Irvine (Kalifornien, USA) - Nicht mit ihr! Sie wollte sich partout nicht helfen lassen - sehr zur Verzweiflung von Suzette Hall aus dem kalifornischen Irvine. Die Tierschützerin biss sich an der streunenden Hündin die Zähne aus. Am Mittwoch schilderte die Frau auf ihrer Facebook-Seite die dramatischen Tage, in denen sie den Vierbeiner einfach nicht zu packen bekam.
"Es war herzzerreißend, das mitanzusehen. Sie kam herunter und spielte mit den anderen Hunden, die den Park besuchten - fast so, als wollte sie unbedingt wieder zu jemandem gehören. Doch sobald es hitzig wurde, lief sie zurück in die Hügel und versteckte sich ganz allein. Ich musste ständig an sie denken", schilderte Hall das Drama.
Länger als eine Woche zog sich die Rettungsaktion mit der hartnäckigen Fellnase hin. Laut Hall hatte diese sich bereits seit einem Monat allein im Park herumgeschlagen.
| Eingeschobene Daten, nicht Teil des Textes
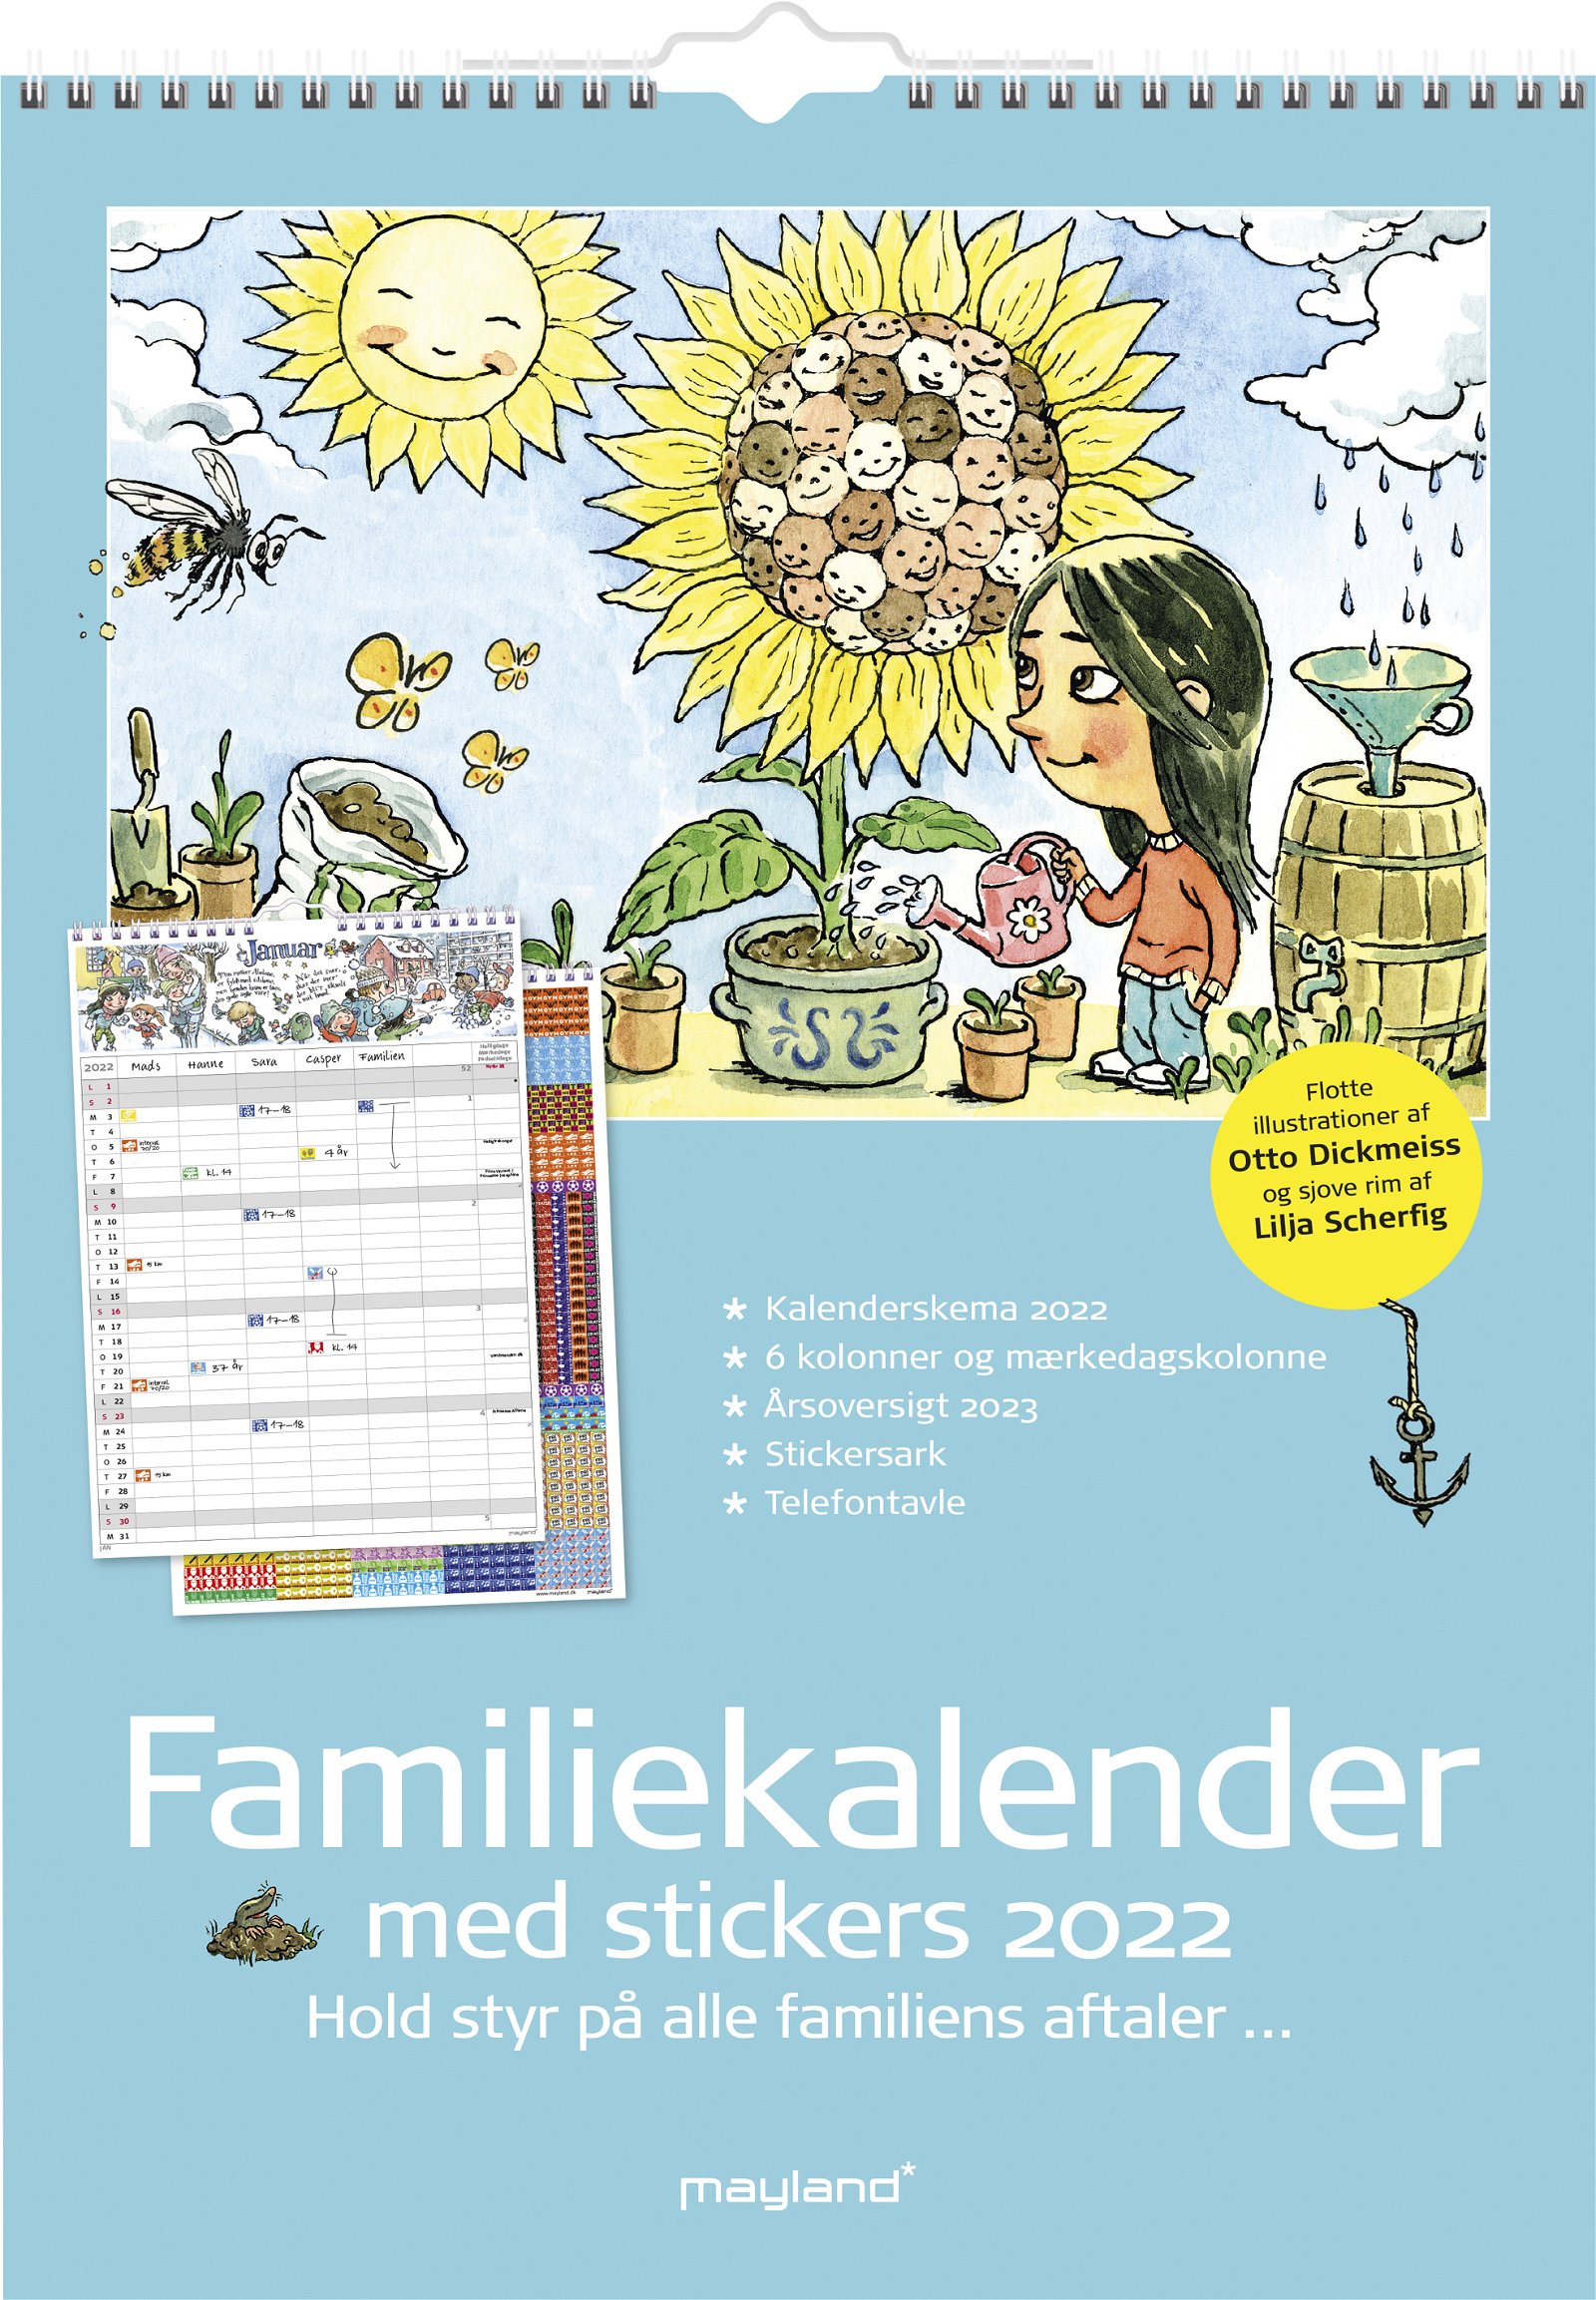 Mayland Familiekalender med stickers 2022

Das Problem: Viele Menschen legten der Hündin Futter hin. Dadurch verpuffte die Wirkung von Halls Falle. Die darin liegenden Würstchen ließen das clevere Weibchen kalt.
Und somit wiederholte sich ein Prozedere immer wieder: Hall musste abbrechen: "Jedes Mal, wenn ich ging, brach mir das Herz."
Die Kalifornierin zog mit der Hilfe einiger Mitstreiter schließlich ganz andere Seiten auf, um doch noch ans Ziel zu kommen.
Facebook-Posting zeigt die rührende Hunde-Geschichte reichlich bebildert
Die Tierschützer bastelten ein kleines Plakat, das sie überall im Park aufhängten. Darauf stand die Bitte geschrieben, dem Tier nichts mehr zu fressen zu geben. Letzten Endes mussten sie die Fellnase aber doch nicht aushungern.
Eine weitere Wendung brachte die Erlösung: "Gus hatte geduldig daran gearbeitet, ihr Vertrauen zu gewinnen, und irgendwie gelang es ihm schließlich, ihr eine provisorische Leine um den Hals zu legen. Sie war in Sicherheit. Ich habe buchstäblich geweint. Ich habe so sehr geweint", schrieb Hall.
Kurioserweise war die US-Amerikanerin zu diesem Zeitpunkt gar nicht mehr vor Ort. Gus und seine Mitstreiter brachten die Hündin schließlich zu ihr ins Tierheim.
Hall war das egal, sie schwärmte am Ende nur noch glückselig: "Oh, du süße Maus. Du warst jeden Kilometer, jede Träne, jede schlaflose Nacht und jeden Schmerz wert. Du musst dich nicht mehr auf diesem Hügel verstecken."